[[ PROVIDED DATA open ]]
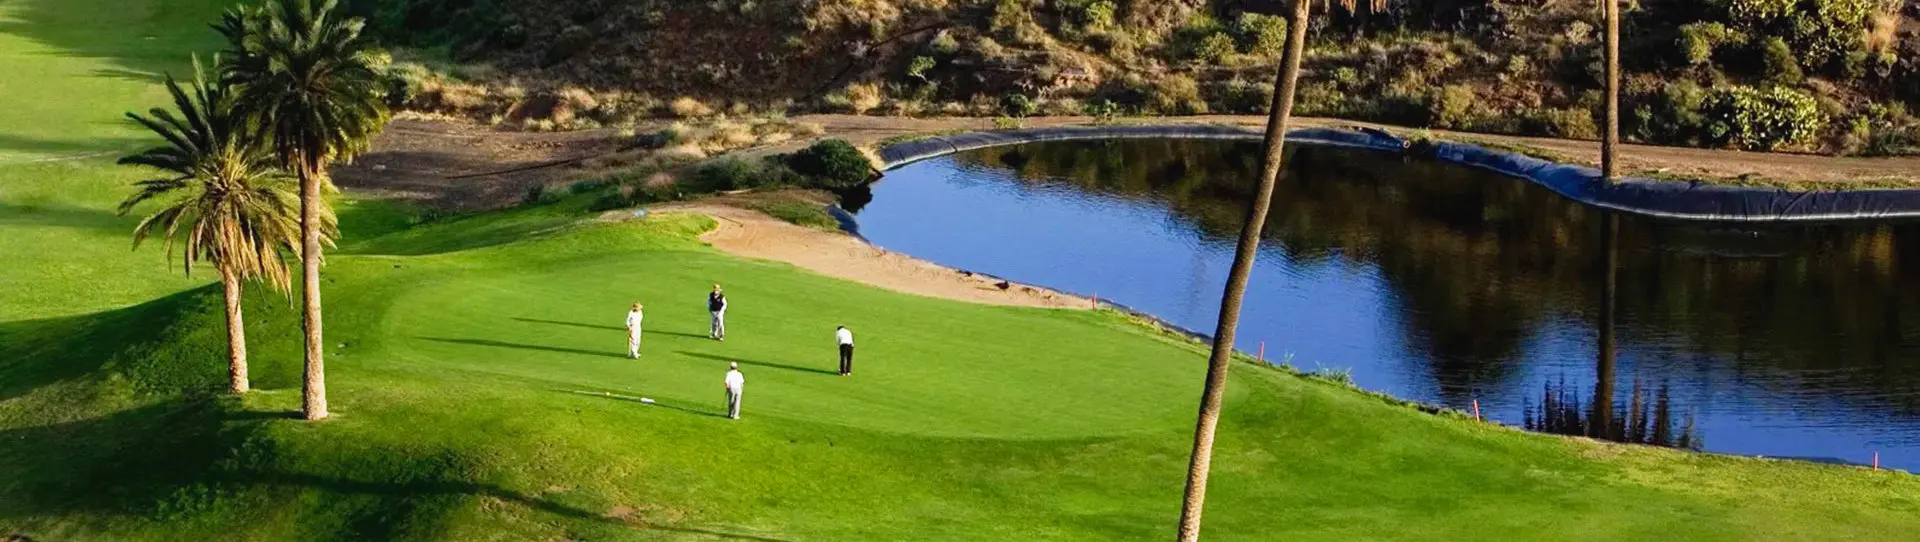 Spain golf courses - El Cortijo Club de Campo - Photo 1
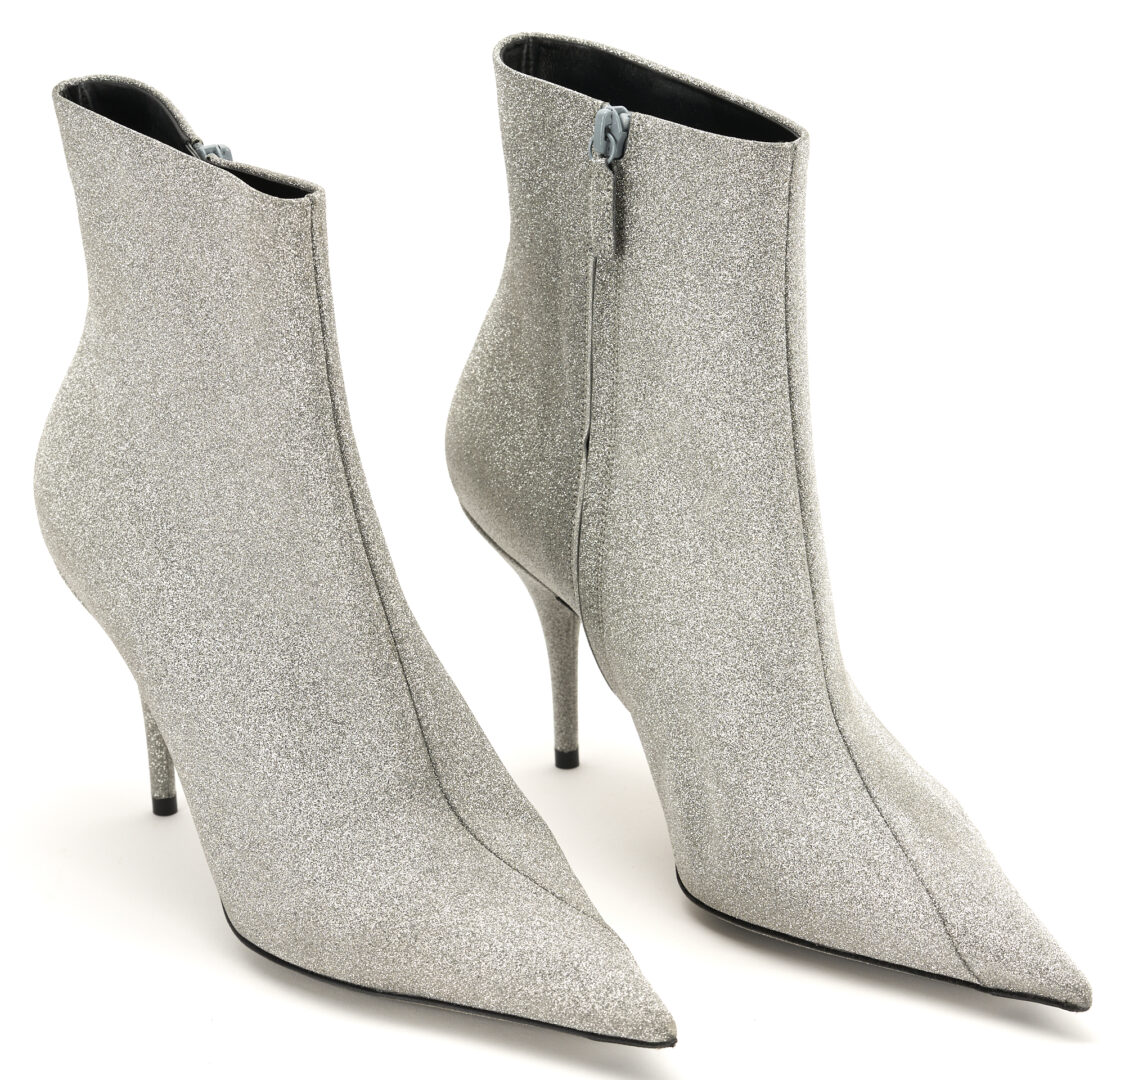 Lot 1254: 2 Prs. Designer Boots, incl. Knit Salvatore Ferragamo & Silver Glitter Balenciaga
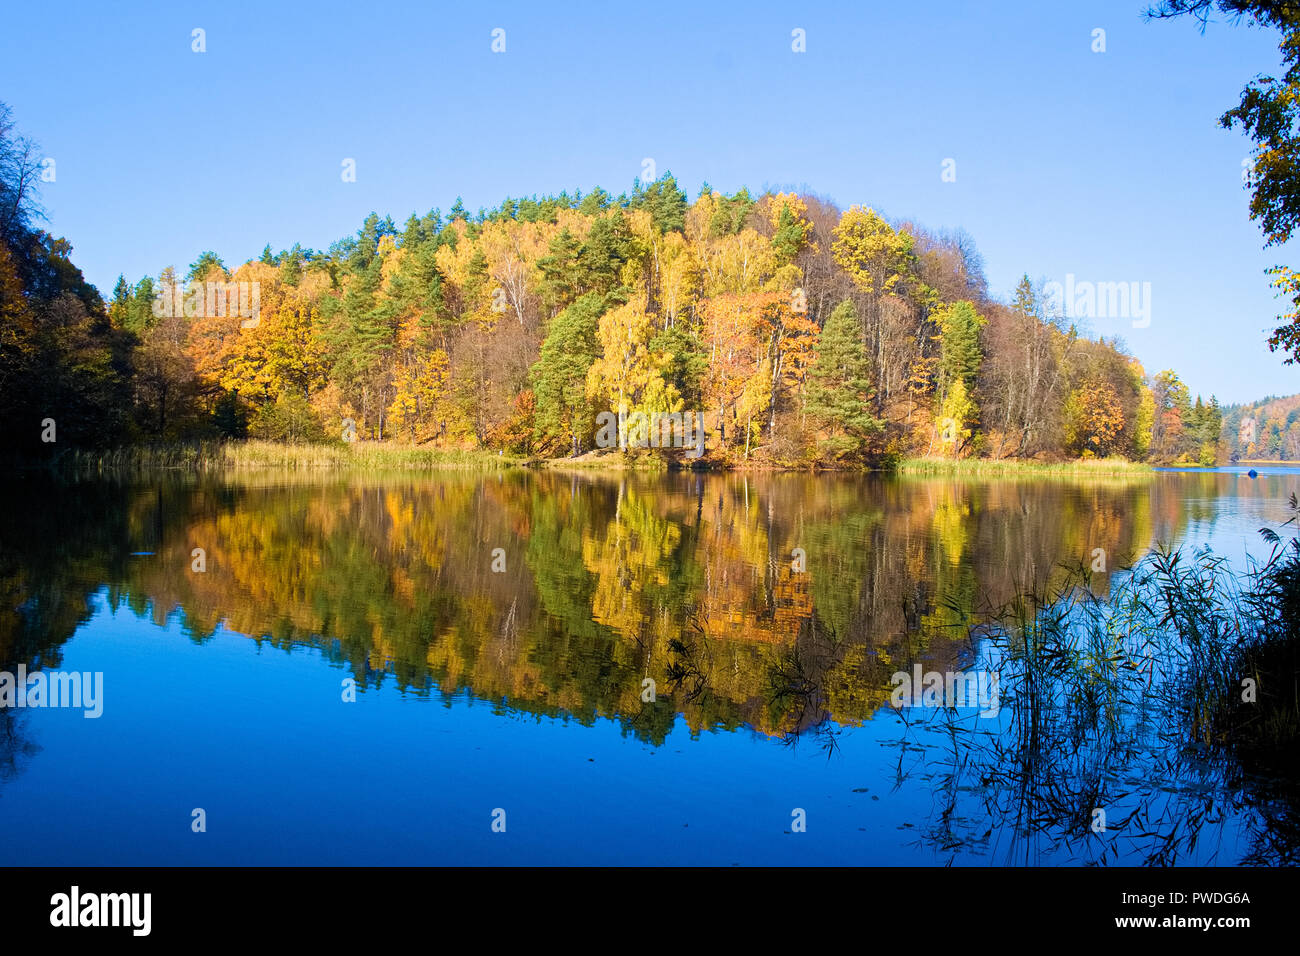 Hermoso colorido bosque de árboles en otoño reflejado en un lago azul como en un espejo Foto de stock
[[ PROVIDED DATA closed ]]
◆ TASK
Print the material word for word; images are to be left out.

◆ RESPONSE
 Spain golf courses - El Cortijo Club de Campo - Photo 1
 Lot 1254: 2 Prs. Designer Boots, incl. Knit Salvatore Ferragamo & Silver Glitter Balenciaga
 Hermoso colorido bosque de árboles en otoño reflejado en un lago azul como en un espejo Foto de stock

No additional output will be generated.